Heureusement que H. Corbin a pris la peine de présenter lui-même son
œuvre, dans un article paru dans le volume jubilaire de notre
Cinquième section (Problèmes et méthodes d'histoire des religions, pp.
129-146). Evoquant plus tard cet article, il écrivait : « II est
exceptionnel qu'un chercheur ait l'occasion, au cours de sa vie, de s'expliquer sur
ce qu'il s'est proposé de faire, et de dire comment et pourquoi il a
essayé de le faire, bref, de rédiger quelque chose qui soit à la fois un
programme et un testament » (En Islam iranien, t. I, p. XII).
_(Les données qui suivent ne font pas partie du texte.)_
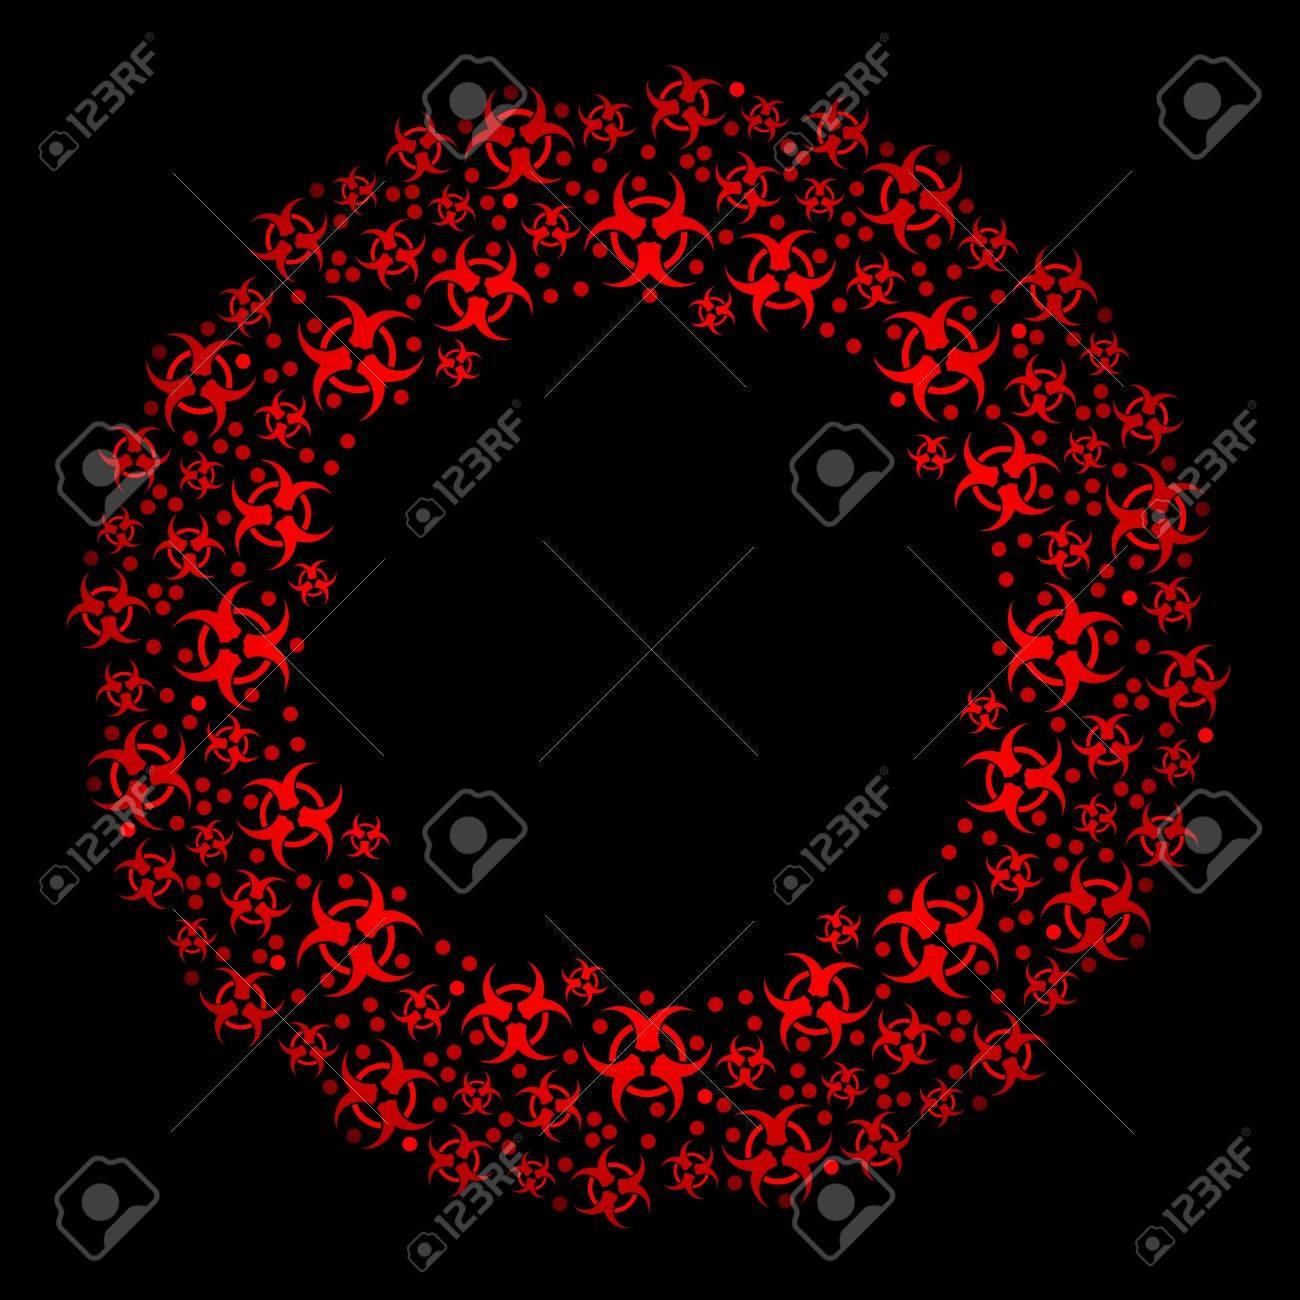 Biohazard wreath Stock Vector - 8341697

C'est en philosophe que H. Corbin aborde l'islamologie, et il avait


conscience de marcher sur une voie où il n'avait ni prédécesseur ni
guide, et où il se sentira, longtemps, isolé : « Le philosophe orientaliste,
plus exactement dit ici le philosophe islamisant, en est encore, écrit-il, à
chercher son lieu et son habitat » ; il n'est tout à fait chez lui ni parmi
les philosophes ni parmi les orientalistes : « Essayez, écrit-il, non sans
humour, d'exposer en philosophe devant un congrès d'Orientalistes
quelques-unes des questions techniques qui ont absorbé l'attention des
penseurs de l'Islam : le dodelinement des têtes vous avertira que vous
abusez peut-être d'une attention bienveillante. En revanche, cette
attention vous est acquise d'emblée chez les philosophes. Malheureusement,
vous devez citer des noms propres, employer des termes techniques,
qu'il faut expliquer au fur et à mesure parce qu'ils ne sont encore
familiers à personne » (Problèmes et méthodes, p. 132).
Malgré cette situation inconfortable, H. Corbin est arrivé à s'imposer
aussi bien dans le monde des Orientalistes que dans celui des
Philosophes - et cela grâce à la profondeur de sa pensée et la richesse d'un
langage (et d'une langue) qu'il créait lui-même, et grâce à un labeur
acharné qui mobilisait toutes ses forces et prenait tout son temps.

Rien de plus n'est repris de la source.